# Lady in Miami



## Jack-A-Poo (Aug 21, 2011)

Some new pics of Sasha....I finally shaved off her teddy bear face, gave her poodle feet as well and put her in a Miami :beauty: She looks all grown up now! Also hubby got a new toy, a soft box so we got some pretty nice pics of her  She sorta looks like an :angel: minus the wings and a halo


----------



## Laceypoo (Aug 23, 2011)

Oh, what a precious face. She really does look like an angel. I love her new style!


----------



## Rowan (May 27, 2011)

SHE LOOKS GREAT!!! I've always preferred a "clean" poodle face and Sasha is no exception. It changes her entire expression--and it really brings out her eyes. BEAUTIFUL!  
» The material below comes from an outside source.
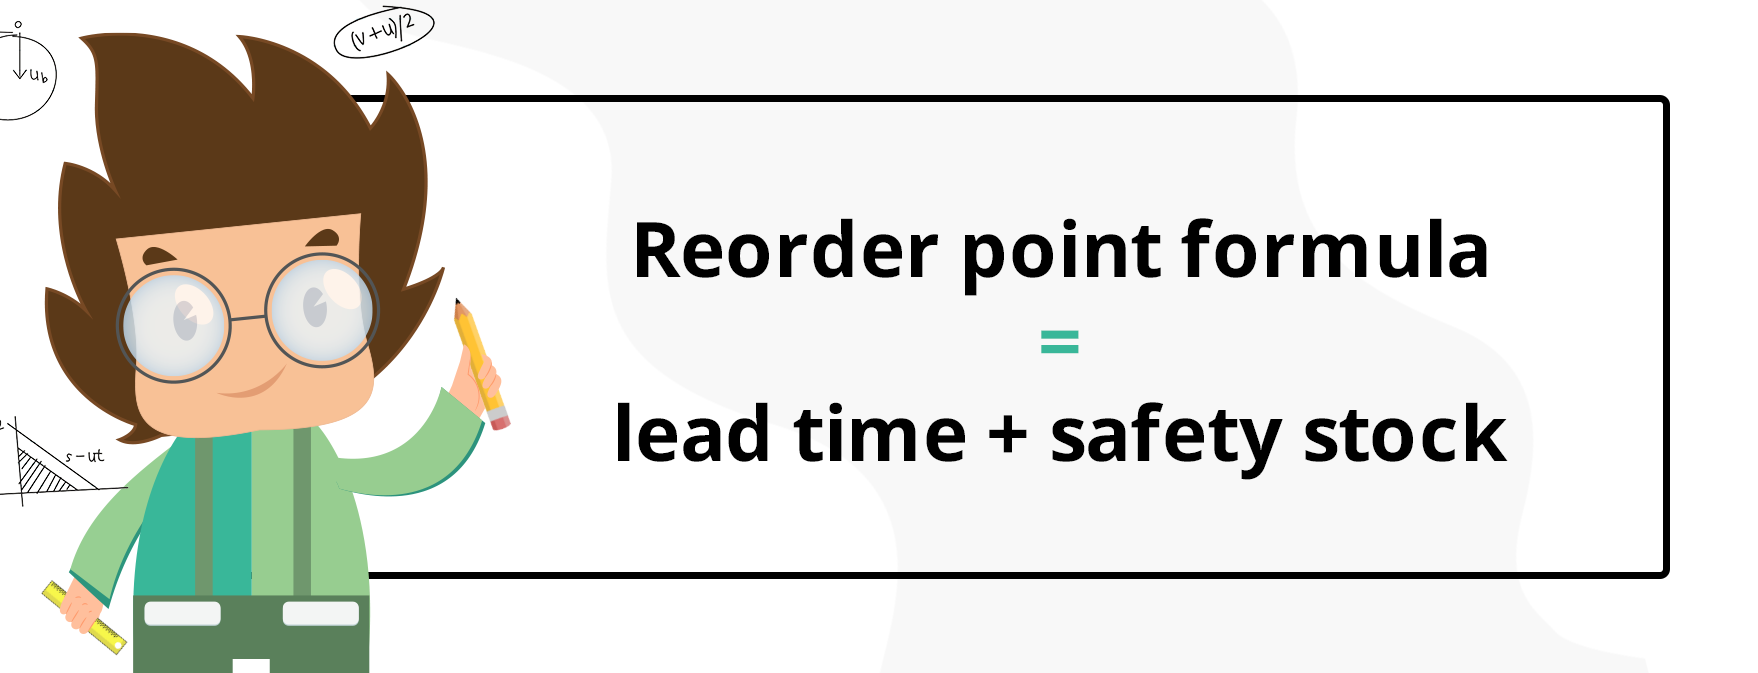 reorder point formula

(You--or is it your hubby?--take such _fabulous _pictures.)


----------



## Jack-A-Poo (Aug 21, 2011)

Yeah it's amazing how different they can look with or without shaved muzzle! And hubby's the one with the photography talent, I just know how to use a normal digital auto where it does all the work for me :lol:


----------



## MamaTiff (Sep 23, 2011)

Awwwww! I think the last one is my fav. She's got such a pretty face on her!


----------



## spoospirit (Mar 10, 2009)

_She's darling! She does have a very pretty face! That was very sweet of you to give hubby a soft box. He uses it well._


----------



## Chagall's mom (Jan 9, 2010)

*Jack-A-Poo*: I would keep that precious face shaved, and a firm grip on that ace photographer husband of yours as well. :camera: A new haircut can do wonders for a gal, Sasha's sure proof of that. She looks dainty and pretty and angelic as can be! (She may hide her "halo" from time to time, but with a face like hers, she can still make any heart take flight!):angel2:


----------



## tokipoke (Sep 3, 2011)

Wow! What a difference! She looks so cute! I admire you for taking the plunge and shaving her face! We always say "it's just hair" but we tend to get very attached to it!


----------



## Fluffyspoos (Aug 11, 2009)

I love her <3


----------



## LEUllman (Feb 1, 2010)

Before, she was an amazing example of artistic grooming. Now she's an amazing example of a beautiful poodle! Bravo.


----------



## Jack-A-Poo (Aug 21, 2011)

Yes it was very hard to get the clipper to do the first cut! I just kept telling myself just do it and it'll grow back if I don't like it :lol: It took awhile to get used to it but it has grown on us and now I love the shaved face look. Makes her look more girlish and ladylike 

Hubby took a little longer to get used to it.....he called her Big Bird from Sesame Street coz all of a sudden she had long visible muzzle and with the topknot he said she looks like Big Bird :frusty: But he's over that now :lol:


----------



## vickylou (Jul 26, 2009)

Omg I love it, she looks stunning, gotta love a clean face


----------